С замиранием сердца следили друзья, как взлетает и падает его дубинка, как гном играет ею, словно любимым топором, гвоздя с неожиданных позиций по забралам противников; и как одного за другим победил он троих и неожиданно остался вдвоем с могучим истерлингом в темно коричневом кожаном доспехе, низком шлеме с гребнем, также победившим до этого троих. Торин не снимал надетый поверх доспехов плащ, лишь покрепче подвязал его, очевидно, не желая обнаруживать свой роскошный мифрильный бахтерец; и, когда они сошлись, верх сперва оказался за истерлингом, потому что плащ хоть и немного, но все же мешал Торину, и его противник мастерски воспользовался этим. Один раз ему удалось ударить сверху по хауберку гнома и задеть того по наплечнику. И тут Торин взбеленился. Громоподобный клич Народа Дьюрина прорвался сквозь гул подбадривающих истерлинга криков: «Барук хазад!» Плащ отлетел в сторону, и истинное серебро доспехов Торина засверкало под солнцем. «Хазад аймену!» — и, выбитое, далеко в сторону отлетело оружие противника; в следующий миг палка гнома, словно копье, ударила в самое уязвимое место — в поперечную складку шлема, причем все видели, что Торин нарочно изменил направление удара, чтобы не ранить человека...

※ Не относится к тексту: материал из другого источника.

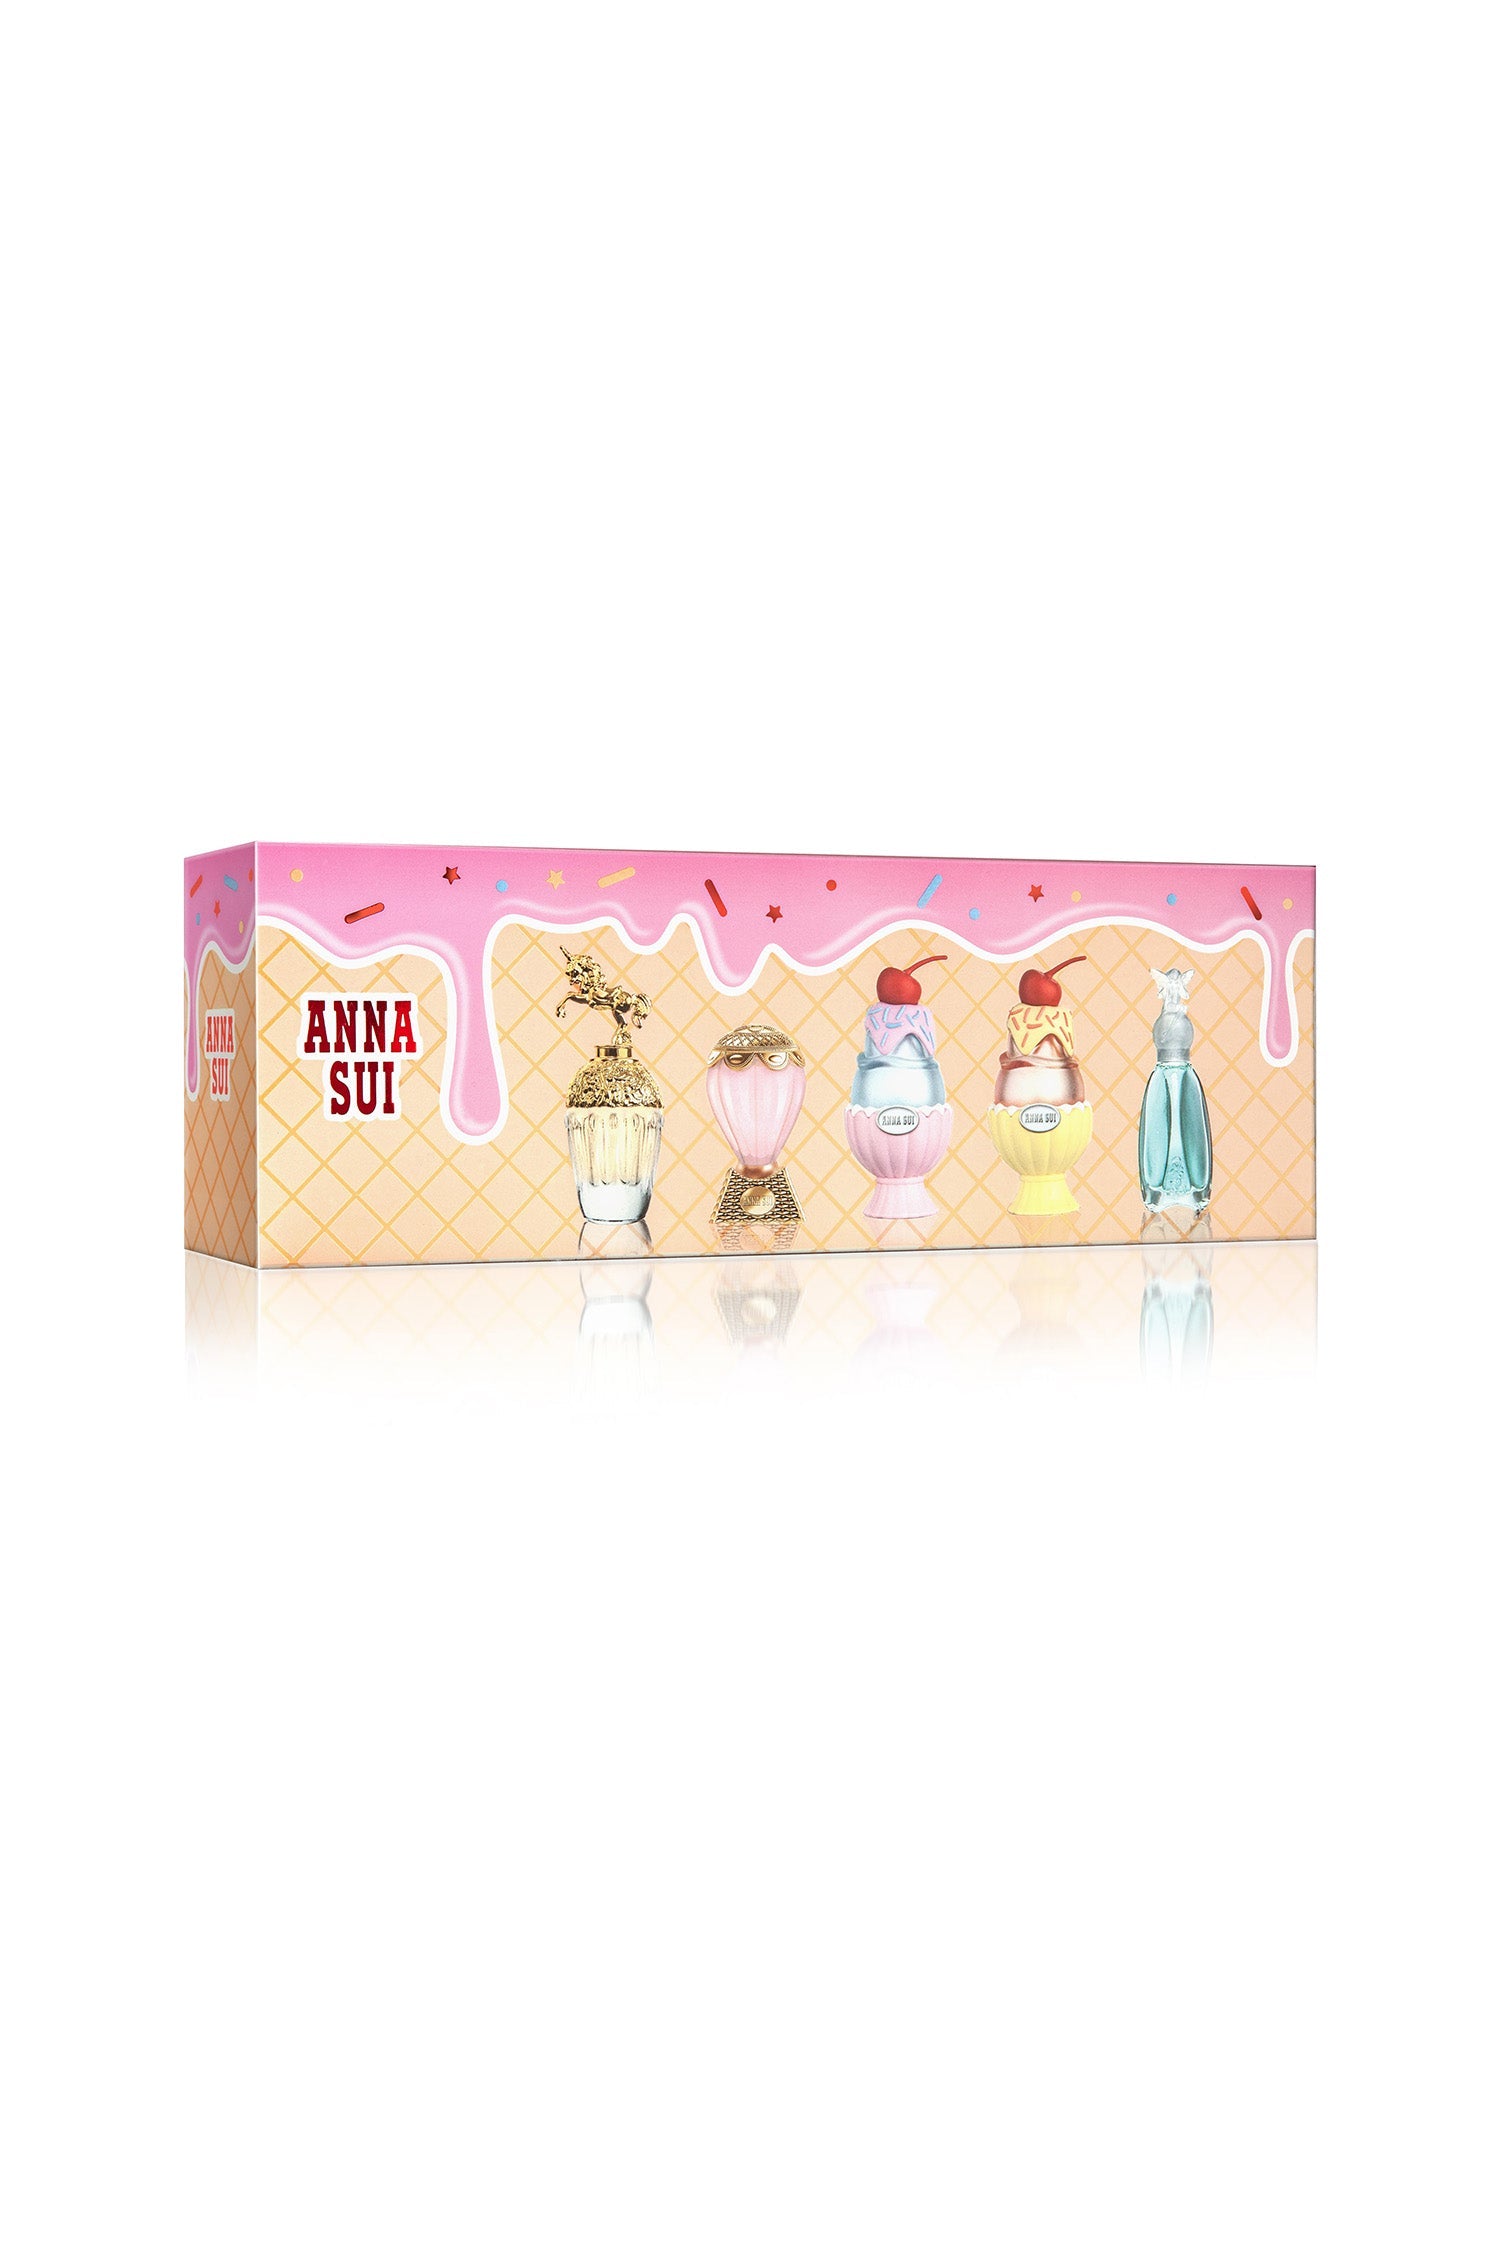 Box design: Fantasia, Sky, Sundae Pretty Pink, Sundae Yellow Mellow, Secret Wish, miniatures of 5ml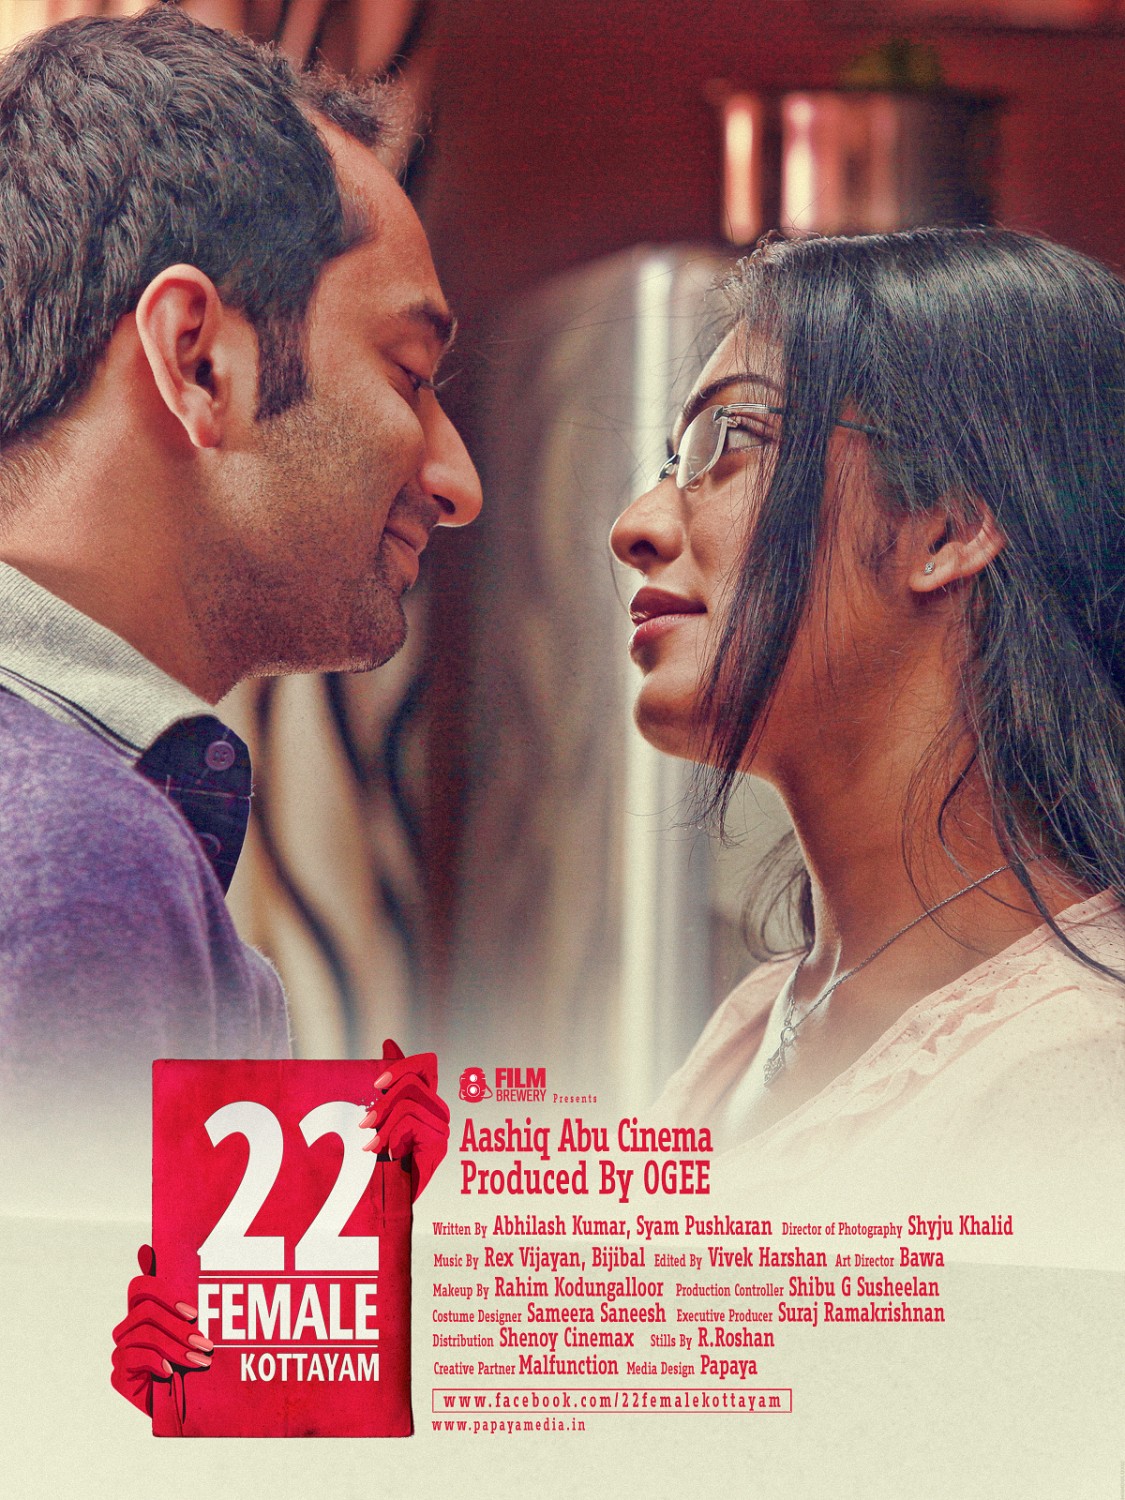 Extra Large Movie Poster Image for 22 Female Kottayam (#9 of 28)

И золотая чаша досталась Торину, и он гордо прошел, высоко поднимая ее, в обнимку с побежденным им истерлингом, помирившись с ним и обменявшись на память ножами; и Берель, с улыбкой разводя руками, пригласил всех троих друзей, так отличившихся в тот день, на праздничный пир с ближайшей его дружиной; и можно было лишь радоваться, что все оказалось настолько удачно, если бы не странное чувство тревоги, что появилось у хоббита, когда он увидел маленького карлика, неслышно скользнувшего мимо трапезных столов к Берелю, — давнего знакомца, какого друзья не видели со дня битвы у Волчьего Камня; и странен был взгляд, брошенный карликом на Торина, безмятежно потягивающего пиво. В сердце Фолко вползла холодная змея надвигающейся угрозы.

А когда пир закончился, Берель знаком попросил друзей остаться.

— Вы показали себя достойными самых трудных и славных свершений во имя нашего дела, — сказал он. — На этой неделе выступает отряд, что пойдет в глубокий поиск далеко на восток. Вы должны присоединиться к нему. Этот отряд по старым картам будет искать Тропу Соцветий (у Фолко остановилось дыхание) и встретиться там с самим Вождем! Вы достойны этого дела, и оно достойно вас. Идите же и докажите свою верность великому Вождю Эарнилу!